Concept code data type limitations

MPhilofsky · September 1, 2018, 1:21am

Hi Friends,

My source data has a lot of custom coding in the procedure and drug domains. Currently, I create a custom concept_id > 2 billion for these codes. I use the source text string as the concept_name and concept_code for the custom concept_id. When the custom concept is mapped to the domain table, the concept_code maps to the *_source_value. The data type for concept_code and *_source_value is VARCHAR(50). I have quite a few codes that violate this limit (examples below). How do others solve this problem in an efficient manner on a large scale? My EHR data has thousands of custom drugs and well over 100 procedures.

phenylephrine (PF) 0.5 mg/5 mL (100 mcg/mL) in 0.9% NaCl IV syringe
Hysterectomy total abdominal bilateral sapling oophorectomy
Hysterectomy total abdominal bilateral sapling oophorectomy exp
laparotomy/total abdominal hysterectomy/bilateral sapling
oophorectomy/lymph node dissection/debulking

aostropolets · September 1, 2018, 3:27am

Drugs: map them to RxNorm/RxE. In this case will be 2 records: 5 ml phenylephrine 0.1 mg/ml injectable solution (injection) and sodium chloride 9 mg/ml injectable solution .
Procedures: if there isn’t any standard concept that represents the full meaning, I’d suggest mapping to 2 concepts again.
Hysterectomy total abdominal bilateral sapling oophorectomy will become total abdominal hysterectomy and bilateral sapling oophorectomy (under the same date, visit_id, etc.). You can also use modifiers for procedures (i.e. left/right).

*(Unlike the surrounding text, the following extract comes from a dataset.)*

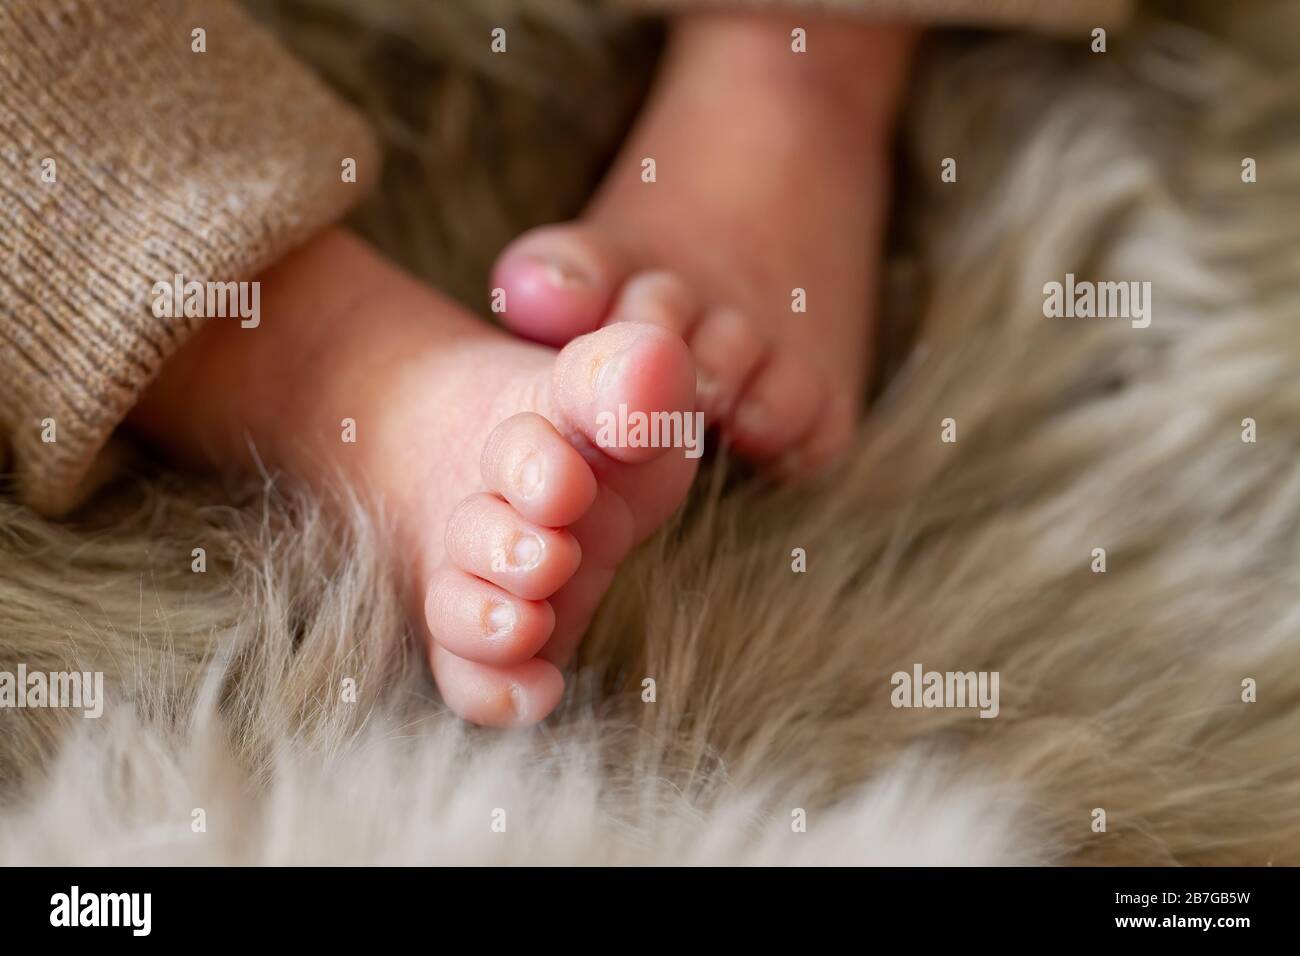 Pequeñas feet de un recién nacido (una semana de edad) Foto de stock

Gowtham_Rao · September 1, 2018, 4:19am

Is the desire to retain the full text description in the source name?

Vojtech_Huser · September 5, 2018, 3:22pm

You can also use modifiers for procedures (i.e. left/right).

Can someone clarify how left and right and bilateral modifiers are used in procedures?

What are allowed modifiers (I am asking because I want to create Heel rule checking CDM conformance).

MPhilofsky · September 10, 2018, 1:40pm

Just getting back from vacation…

Yes, we would like to retain the full text string as seen in the source string. The goal is to provide the exact event when it is necessary to map to less granular concepts.

Gowtham_Rao · September 10, 2018, 2:12pm

@MPhilofsky

The problem statement seems to be that you have local values that are considered ‘source code’ that are longer than varchar(50). Although you could assign 2 billion + concept_id for these, the long source code value gets truncated.

Some options - not necessarily in a recommended order

Change the DDL of the omop concept table. Increase varchar(50) to varchar(255). Simplest, but you may have performance issues and most impact to OMOP vocabulary tables.
Use your source_code as concept_name, and populate source_code with random characters. You should have the same functionality, without changing DD, no impact to OMOP vocabulary tables - but you will have problems if > varchar(255)
Creatively use this table with some change to DDL for source_code, source_code_description etc. Probably most complex, but least impact to OMOP vocabulary tables

MPhilofsky · September 10, 2018, 2:50pm

Thanks, @Gowtham_Rao, for the suggestions!

Currently, we are “breaking the rules” and not limiting to varchar50. We haven’t noticed a performance issue. But I wanted to check with the community to see if others have the same problem with their source data and if they had found a best practice.

mkwong · September 10, 2018, 3:54pm

In my exploratory implementations for veterinary medicine and emergency (pre-hospital care) I changed just about all the source fields to VARCHAR(255) and in a few other tables to TEXT to support the source data. No real performance issues so far on 400K patient set.

MPhilofsky · September 18, 2018, 2:16pm

Thank you for sharing your experience, @mkwong!